Is new construction back? Residential building permits up 35 percent in Washtenaw County

By LIZZY ALFS Business Reporter (courtesy of AnnArbor.com)


kirtland_hills_house.jpg
This home is under construction home in Pittsfield Township's Kirtland Hills neighborhood. Regional housing data show there were 107 homes built in the township last year.
Daniel Brenner | AnnArbor.com
Related story: Pittsfield Township leads region in new home construction
New home construction is slowly making a comeback in Washtenaw County.
That’s the message from local builders, real estate experts and county-specific data, which show residential building permits were up 35 percent in 2012 compared with the previous year.

“We’re actually starting to see new home construction come back pretty strong right now,” saidMaureen Sloan, chief executive officer of the Builders & Remodelers Association of Greater Ann Arbor.

“It appears the low inventory (of homes for sale) has prompted many people to look at new construction to get what they’re looking for,” she continued.
Houses are being built in subdivisions where construction was mostly stagnant for years, including Scio Township’s Polo Fields, Legacy Heights in Saline and Kirtland Hills in Pittsfield Township. Meanwhile, regional and national players like Trowbridge Companies and Toll Brothers have re-entered the Washtenaw County market with plans to build several dozen homes.
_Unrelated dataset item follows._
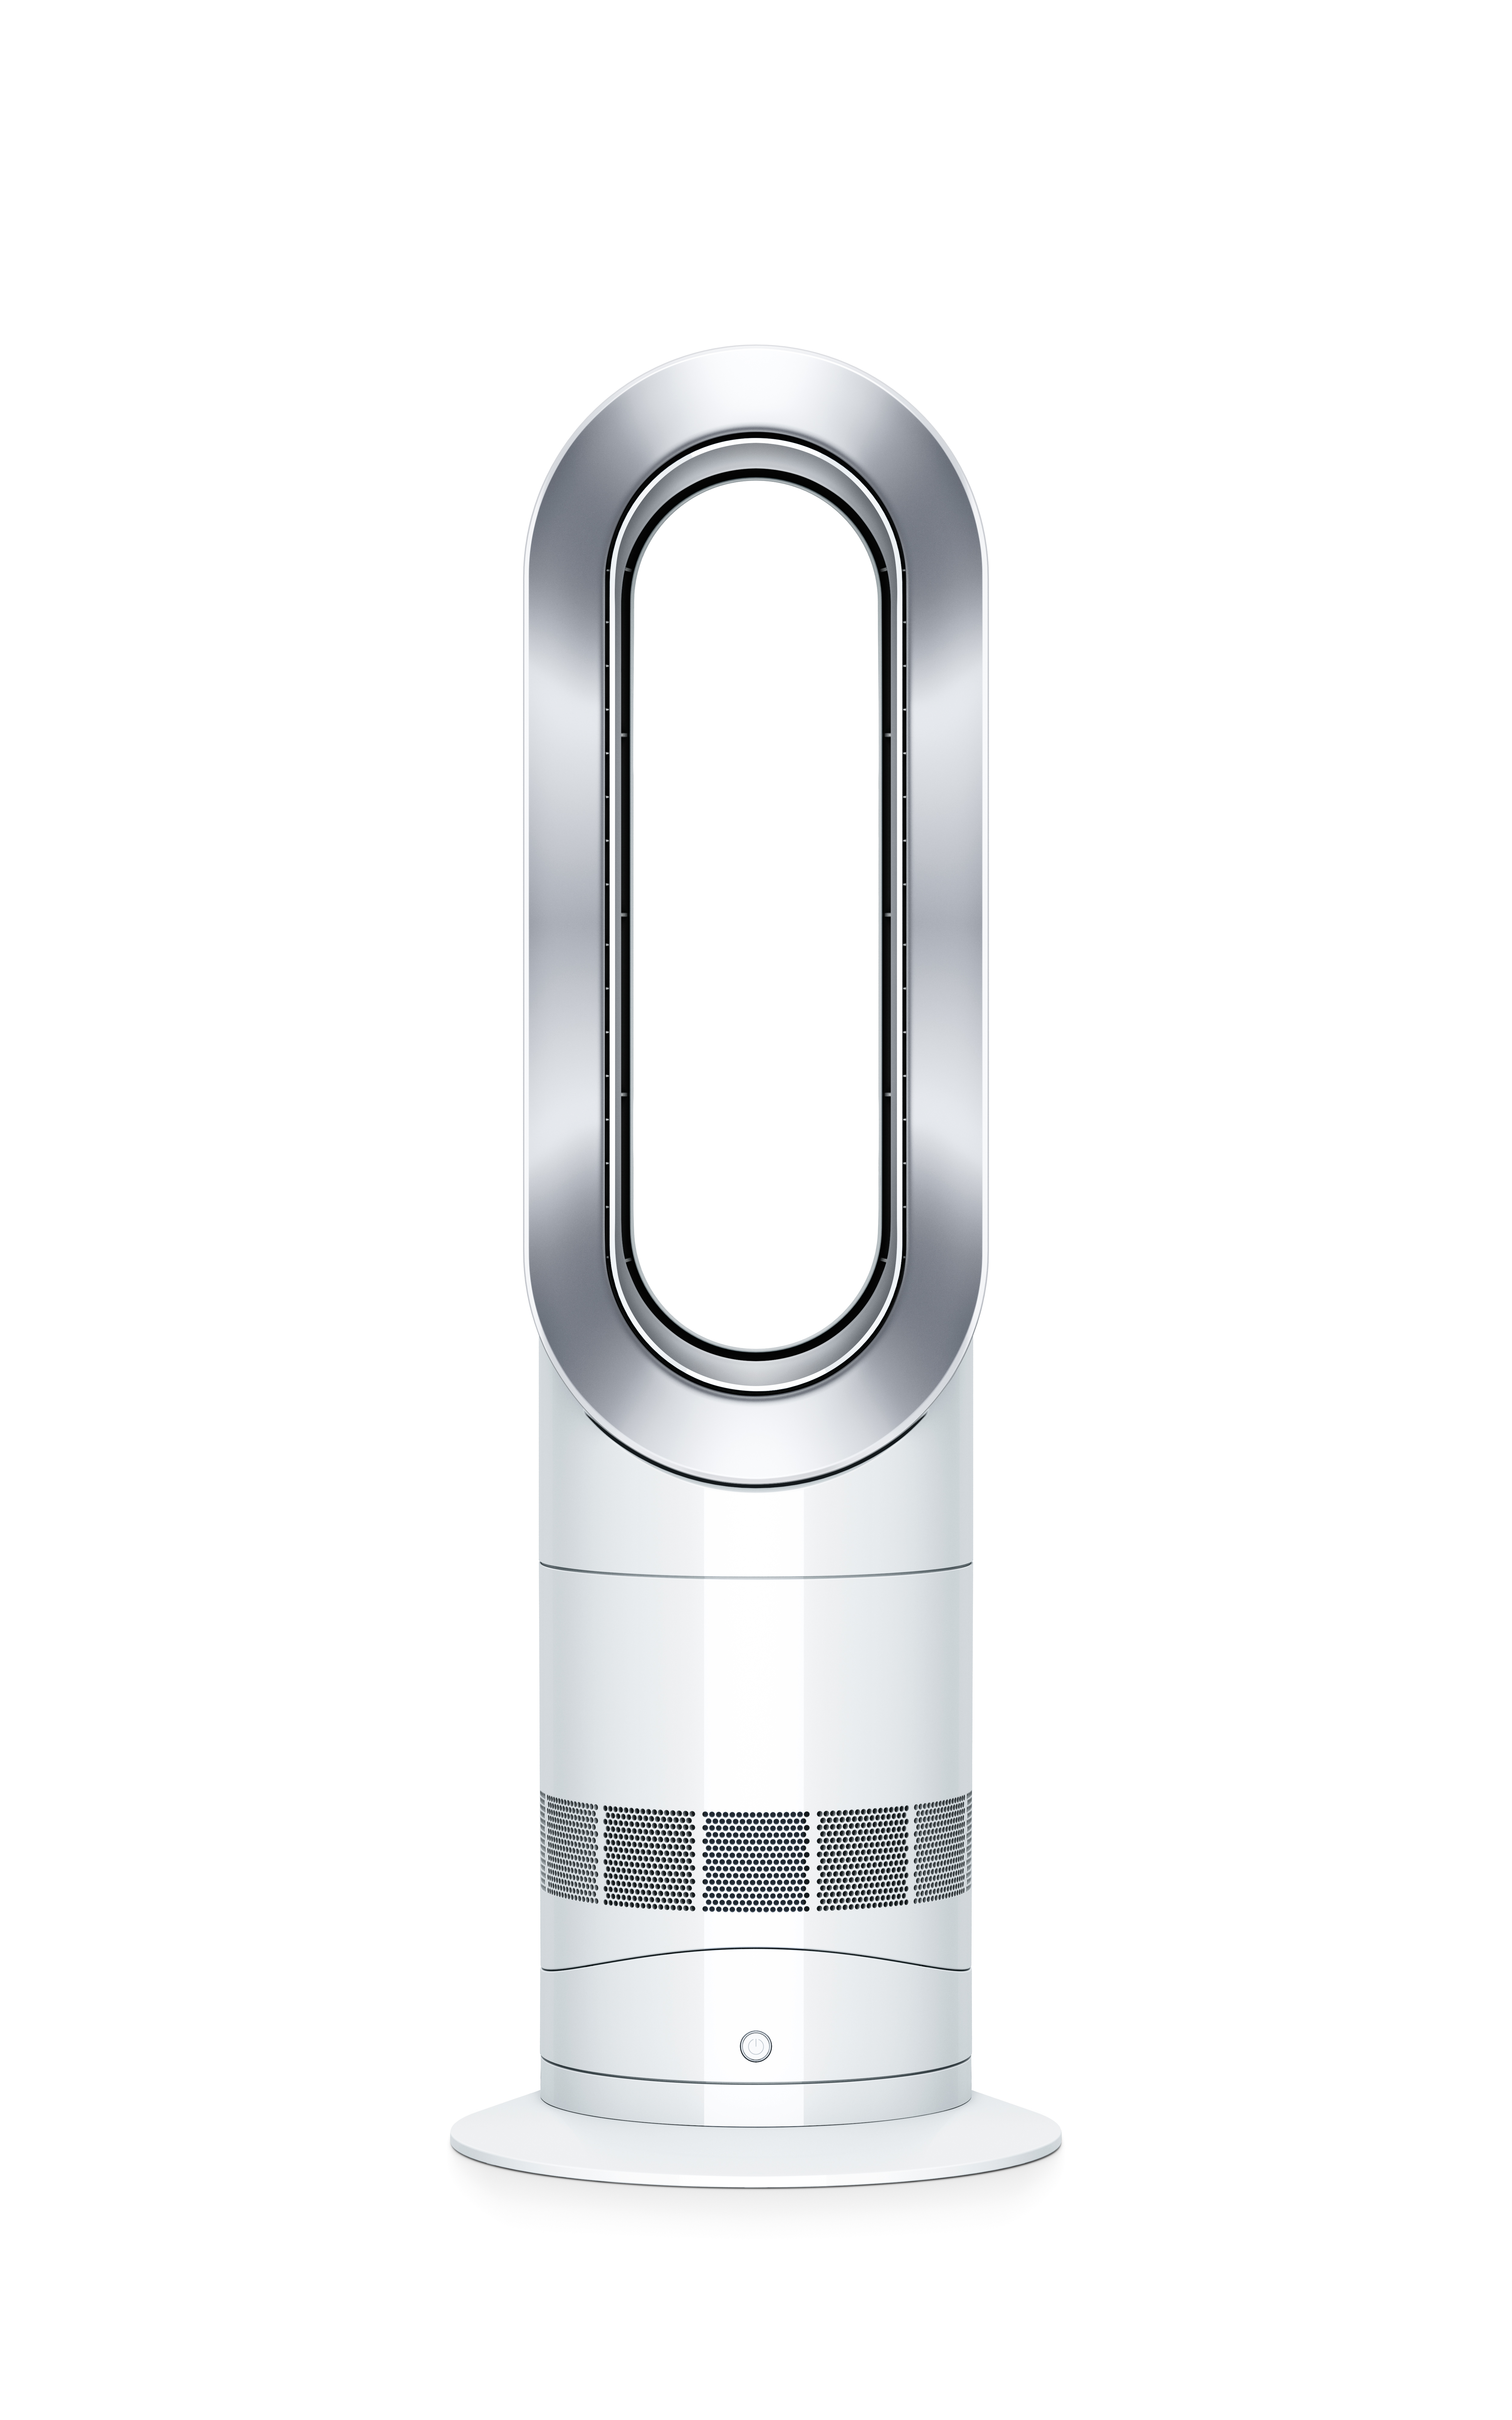 Dyson AM09 Hot and Cold Fan Heater - White and Nickel 
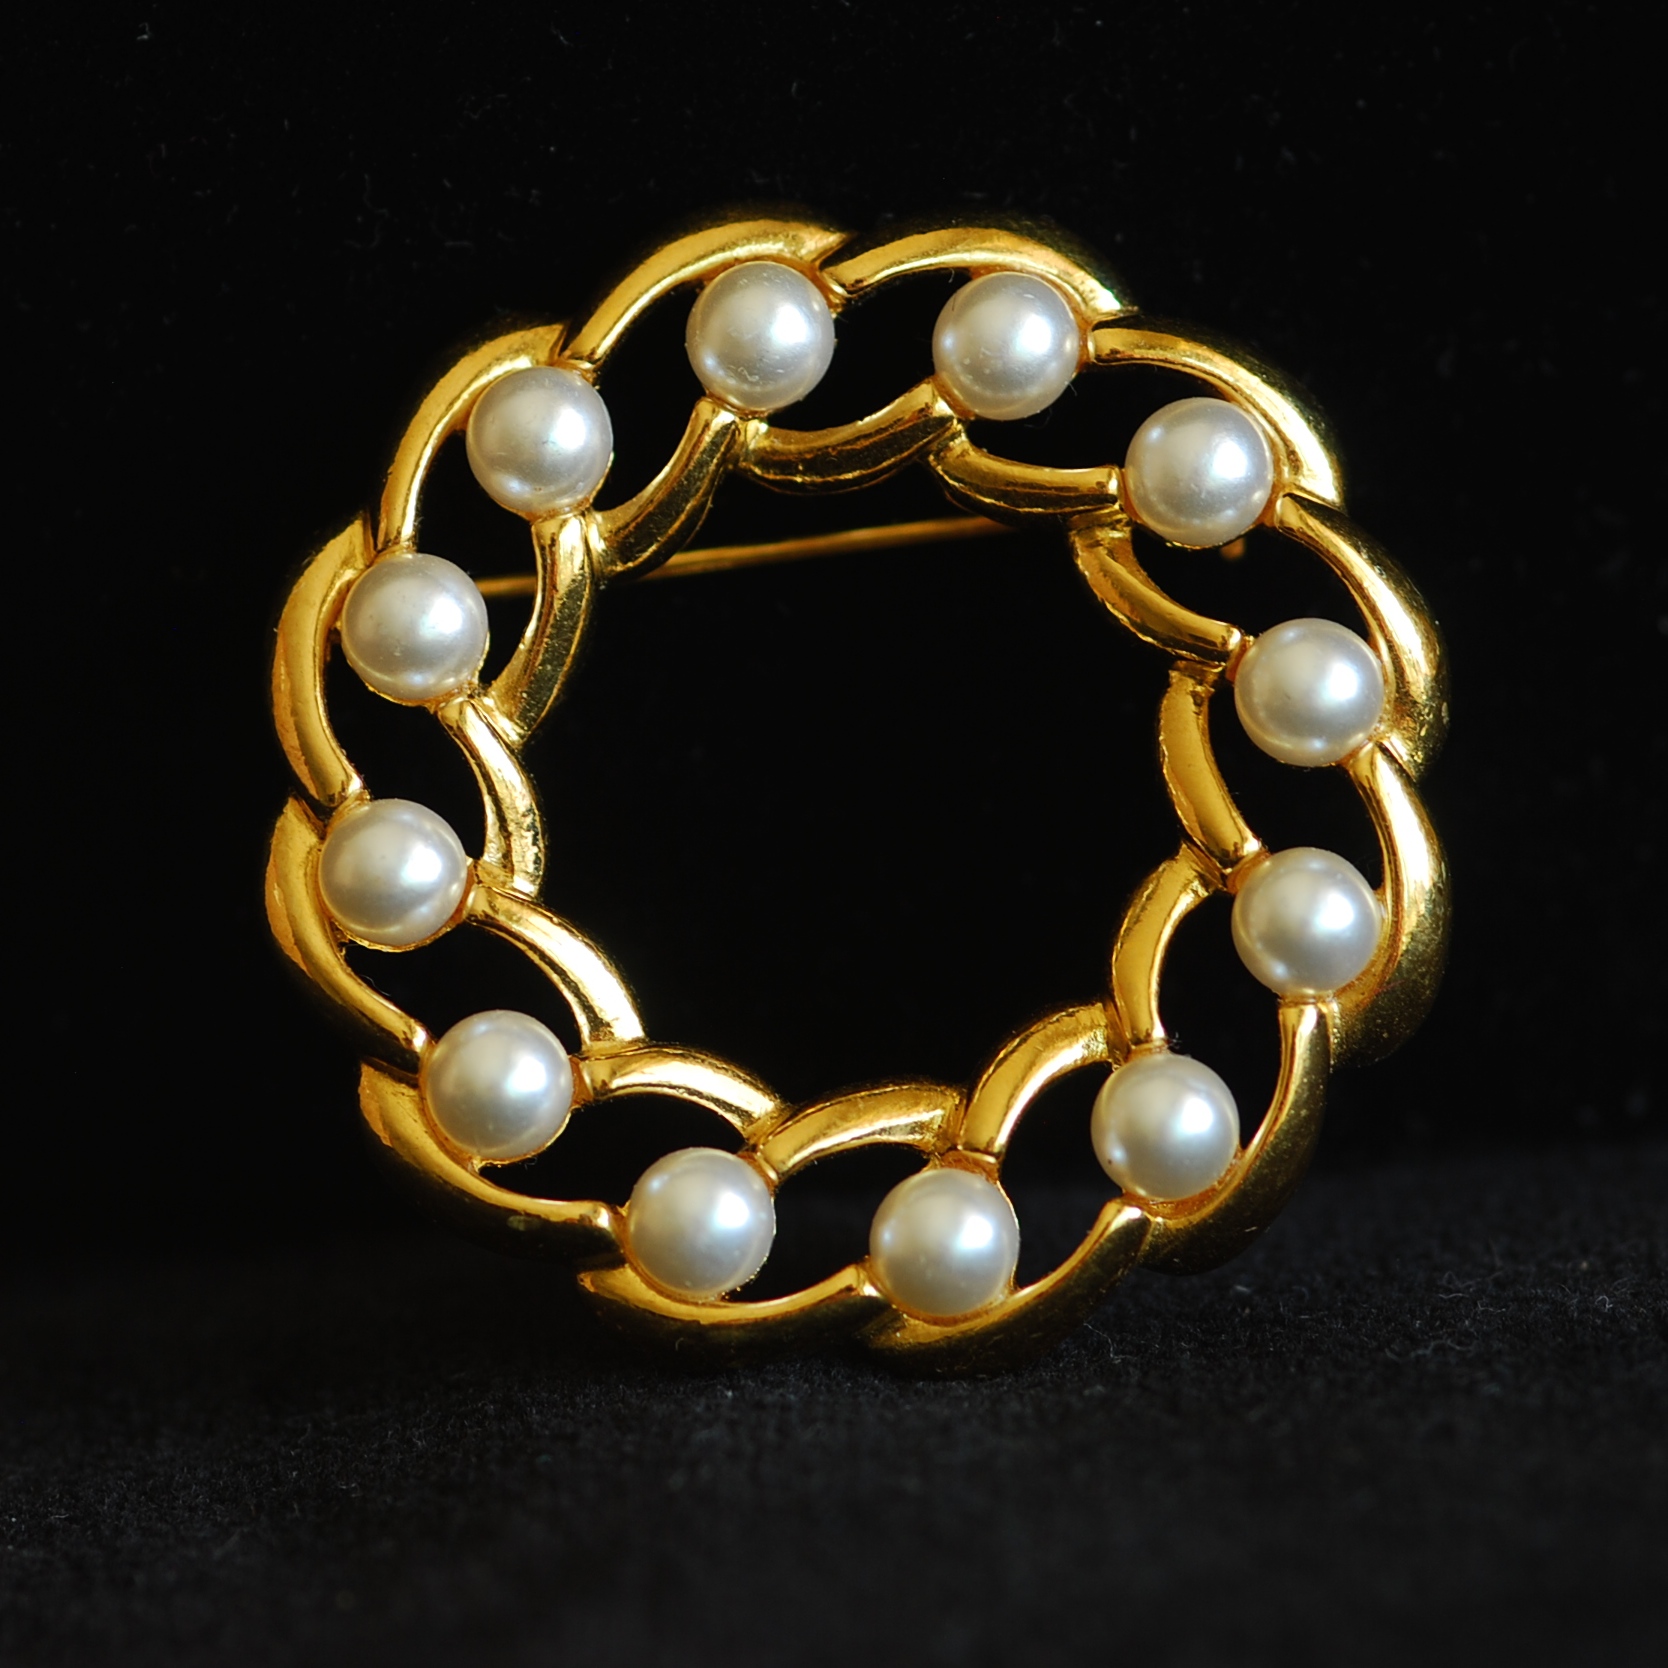 Napier 1960’s Gold Tone Wreath Pin Featuring Faux Pearls – Signed ...

Washtenaw County permits for single-family home construction totaled 315 in 2012, up 35 percent from 2011 and nearly double the amount of permits filed in 2009, according to data compiled by the Southeast Michigan Council of Governments (SEMCOG).

Pittsfield Township led the county in new construction, with 107 homes built in 2012 compared with 33 homes in 2009. Other leaders in the county were Dexter, with 31 homes built last year, and Scio Township, with 27 homes built.

“There has been a huge upsurge of interest,” said Doug Selby of Ann Arbor’s Meadowlark Builders, which specializes in green building and remodeling. “I would say we’ve had up to triple the amount of leads for new homes just since the third quarter of 2012.”

These construction trends in Washtenaw County are reflective of developments both regionally and nationally; the Home Builders Association of Michigan predicts 14,000 residential building permits this year in Michigan, while U.S. home construction rates are the highest in years.

To be sure, the number of new homes is low compared with Washtenaw County’s construction boom from 2000 to 2005, when builders were adding 1,100 to 2,000 houses each year.
And because many current projects are ones that were stalled for years, Washtenaw County hasn’t experienced a significant uptick in the land values that plummeted during the recession, said Richard Timmons of Colliers International.

“We’ve seen a little interest in vacant land, but not a great deal,” he said. “As (developers) absorb existing lots, we would anticipate that we’d see an increase in land values that we haven’t seen yet.”

Local homebuilder Jim Haeussler of Peters Building Co. said in order for the county to return to a “normal market,” home sale prices have to rise at least 10 percent to 15 percent.
The average home sale price in the county was $210,616 in 2012, a 15.5 percent increase since 2009 but still low compared with sale prices a decade ago, according to the Ann Arbor Area Board of Realtors. The board’s data doesn’t separately track new home sales, but the U.S. Department of Housing and Urban Development shows the average sale price of new homes in December was $304,000.

“A house/lot combination is still selling below what it would cost to reproduce today…it’s not sustainable because nobody is going to go out and develop a lot to lose money.”

Still, Haeussler and other builders are encouraged; Haeussler said he’s currently working on more than 25 homes on already-developed lots — a significant improvement over the past few years. He’s also developing “spec” homes, which shows his confidence in the market.

“We’ve been fortunate in that anything we had as a spec has been sold and we’re building some more,” he said. “At the current time, if we start a spec home, it’s usually sold by the time it gets framed.”

He is currently working on homes in Kirtland Hills in Pittsfield Township, Legacy Heights in Saline, Dexter Crossing and Westridge in Dexter, and Harwood Farms in Saline.
Haeussler attributes that demand to the low inventory of homes for sale in the county and increasing employment. Selby agreed, adding that historically low interest rates and bank lending trends are bringing more people to the market.

Jim Acheson of Ann Arbor’s Acheson Builders, a company that specializes in remodeling homes, said his business was up 100 percent last year. Thanks to improving economic factors, he said more people in the county are choosing to invest in existing homes.
“It’s encouraging,” he said. “It looked pretty bleak for a while.”